Wednesday, April 23, 2008

Ugali in Kigali


I feel like the Cookie Monster when I’m in this part of Africa – can’t get enough ugali. Doesn’t help that I’m a vacuum cleaner by nature, generally eating anything within reach of my arms or legs. My big orifice welcomes anything remotely edible, except manioc ugali (foufou); I like the maize version.

Took the bus back from Bukavu via Cyangugu to Kigali yesterday. Stunning countryside, and we passed many towns where I worked in 1994: Gikongoro, Kibeho, Butare, and lots of small villages. Back then Butare was a ghost town, littered with bodies, no civilians in sight, and occupied only by the RPF. Between Gikongoro and Butare was ‘the line’—basically an international border where RPF control stopped and that of the French military began.

On the French side, all the way to Cyangugu and the Ruzizi River where Congo starts, were Hutu IDPs: some certainly guilty of genocide, some not. But all of them were running for their lives. Anyway, there was no way to tell who was guilty, and culpability was not a priority issue then. The main thing on everyone’s mind was to prevent a second (revenge) genocide.

It took a while to figure it out, but my cramped minivan yesterday was filled with Banyamulenge (Tutsis of Rwandan extraction born or raised in Congo). Politics was the primary discussion point, and lots of laughter about life in general. In today’s ethnically charged climate, Banyamulenge are no longer welcome in Congo. Many felt forced to immigrate to Rwanda, a country they don’t consider home, and that does not accept them. Many never learned to speak Kinyarwandan, as pressure to assimilate in Congo meant speaking Swahili and French. Unwelcome in Congo, in Rwanda they must assimilate again, this time to a society conrolled by Tutsis from Uganda—English and Kinyarwandan speakers.

JG, a friend here, was born and raised in Bukavu to a Tutsi refugee father and a Congolese (Shi) mother. In his final years of study towards priesthood at Bukavu’s prestigious seminary, his mentors and colleagues turned on him. Because he was half-Tutsi, he had to leave. With no English or Kinyarwandan, he came to Kigali and found the professional ranks occupied entirely by Tutsis who’d followed the RPF from Uganda.

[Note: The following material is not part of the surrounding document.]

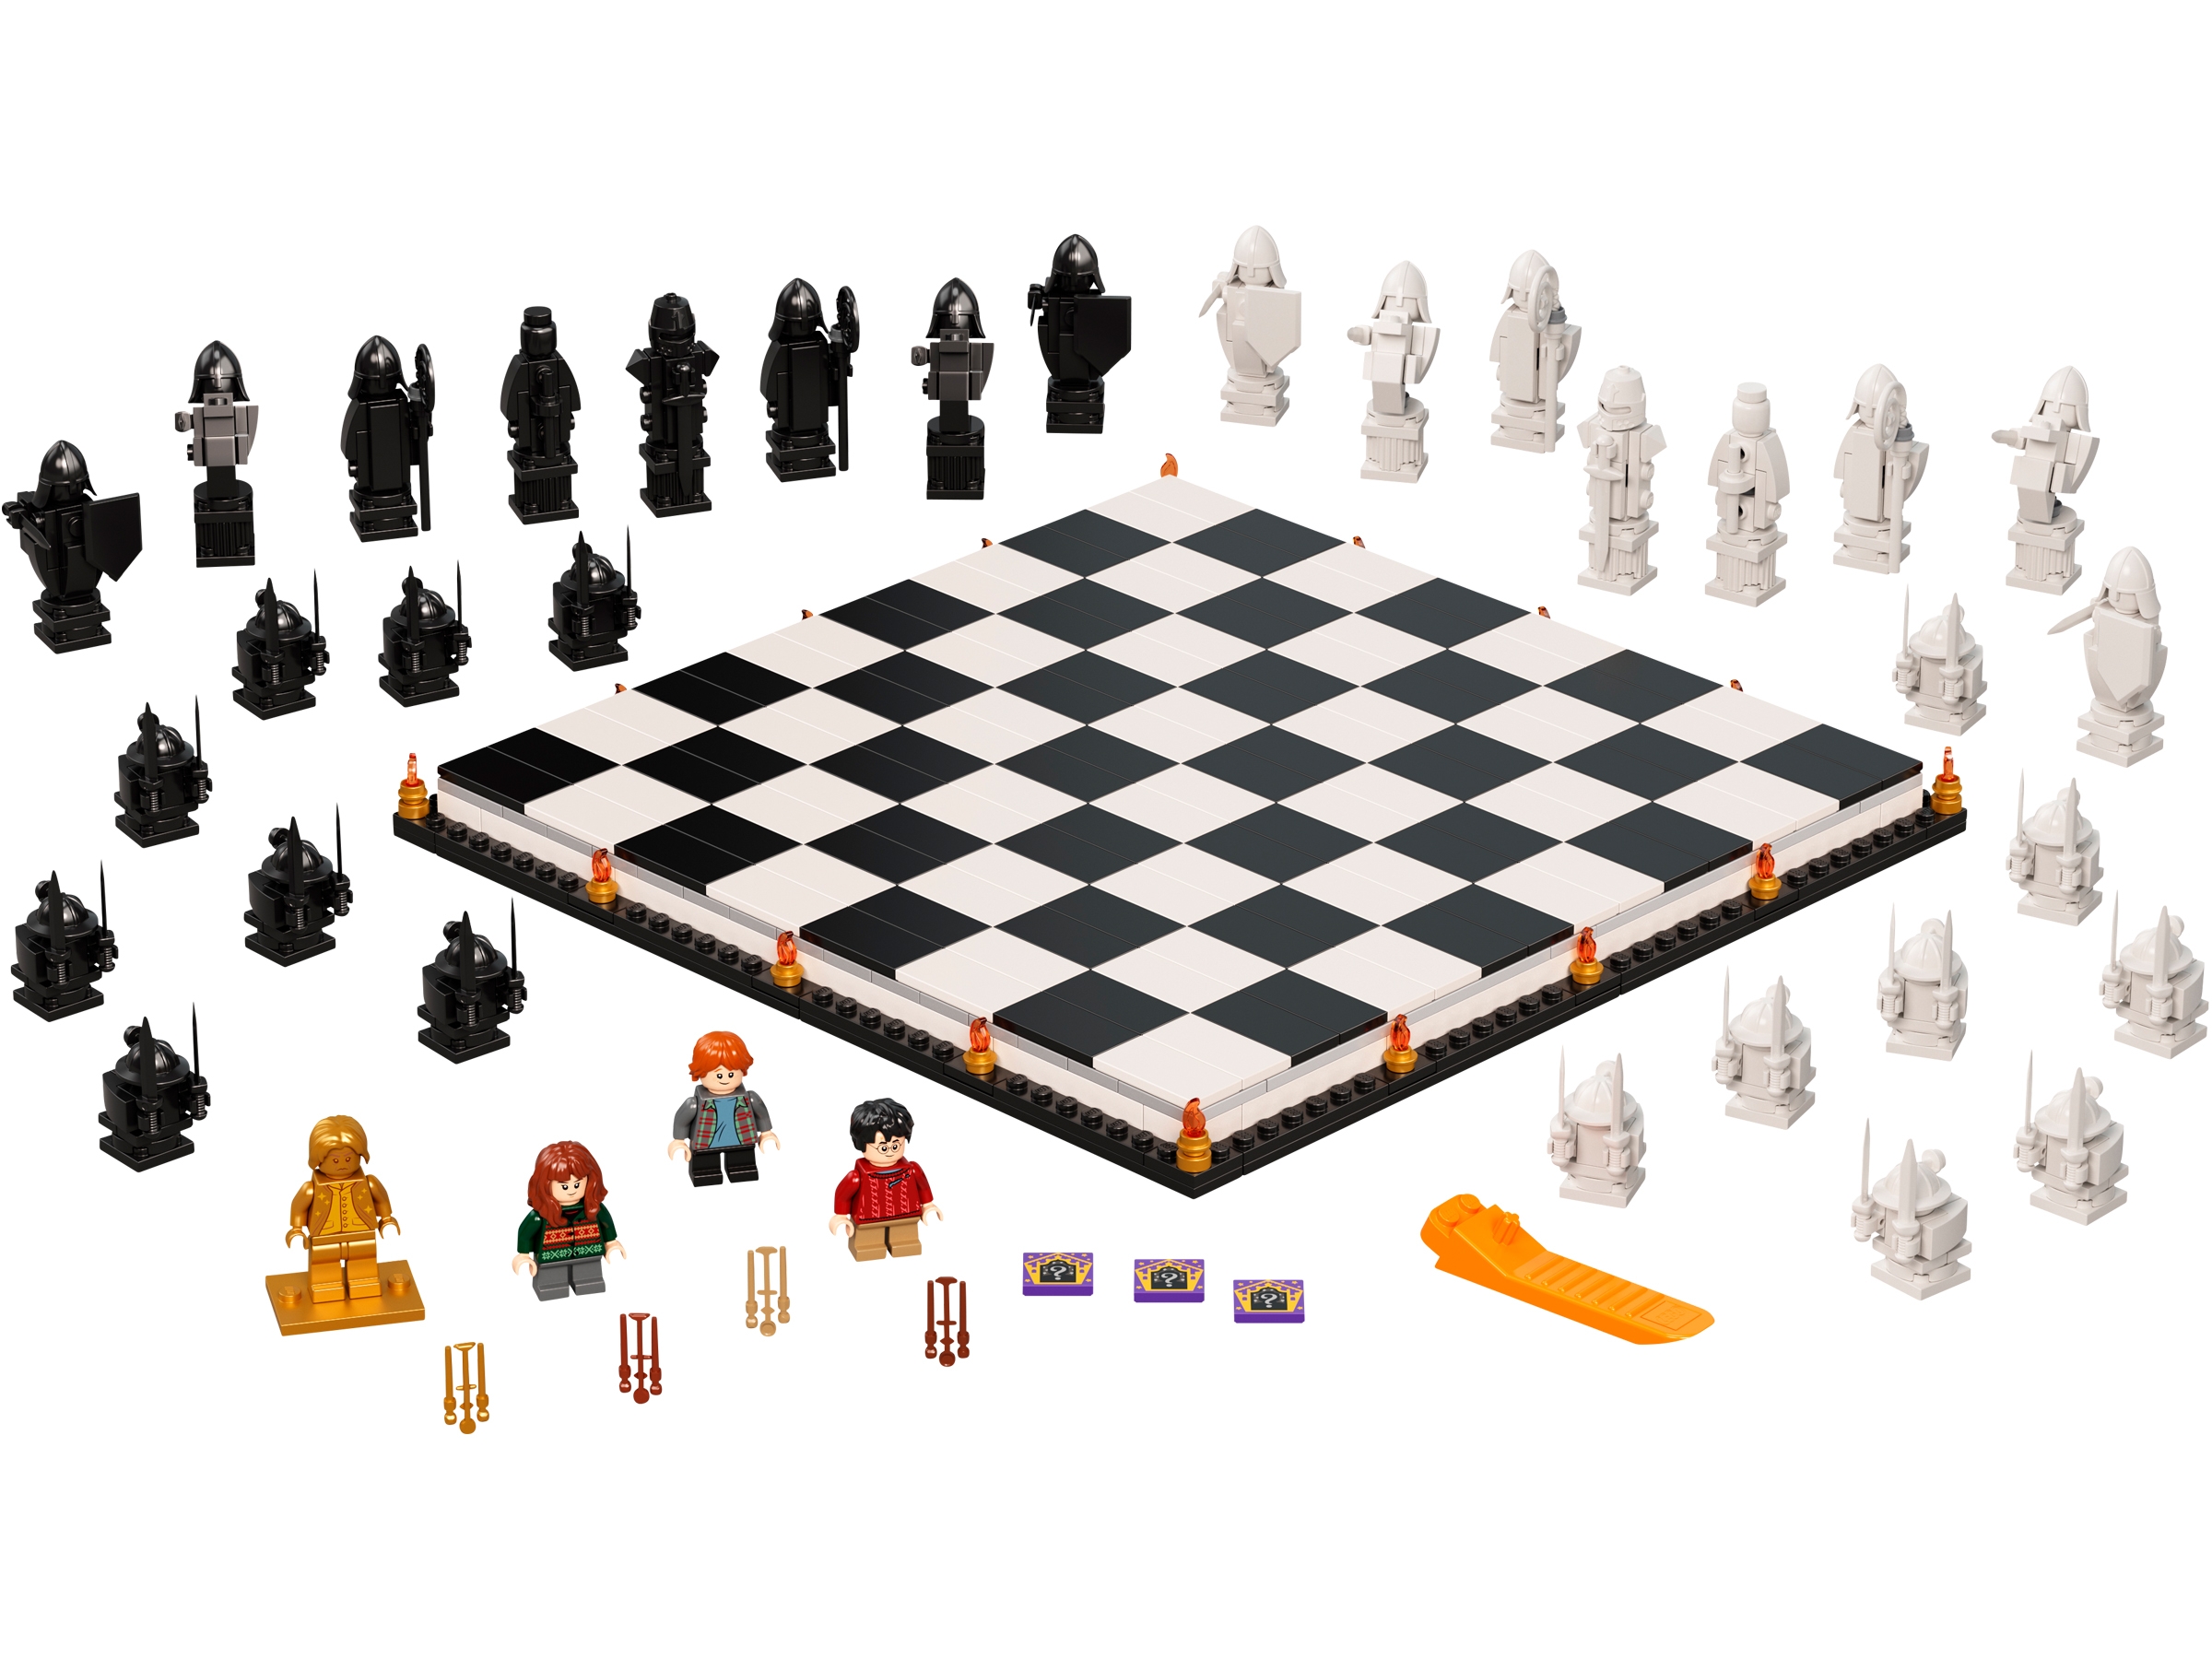 Learn How to Play Chess Book & Chess Set - Mini Chess Board

Along with the Hutu majority here, JG is essentially excluded from participating in the bright and prosperous Kigali of today.

Over ugali and beer yesterday, JG and I recalled the French expulsion from Rwanda in late 2006. For a government that brooks no dissent, no opposition politics and barely a peep from civil society, it was logical that they eject a threatening foreign presence: recall the Kagame indictments issued by a French court (and more recently by a Spanish court). However consistent the logic of this regime—brook no dissent—it is a recipe for open hostility, sooner or later.

JG wants a country where ‘all Rwandans are one’; his NGO works with former prisoners (ex-genocidaires Hutu) to reintegrate into society. Very brave, but essential if the timebomb is to be diffused. JG's work is a drop in the ocean, unfortunately. And as long as the government treats everyone except the Ugandan Tutsi community as potential traitors, the supposed center will not hold.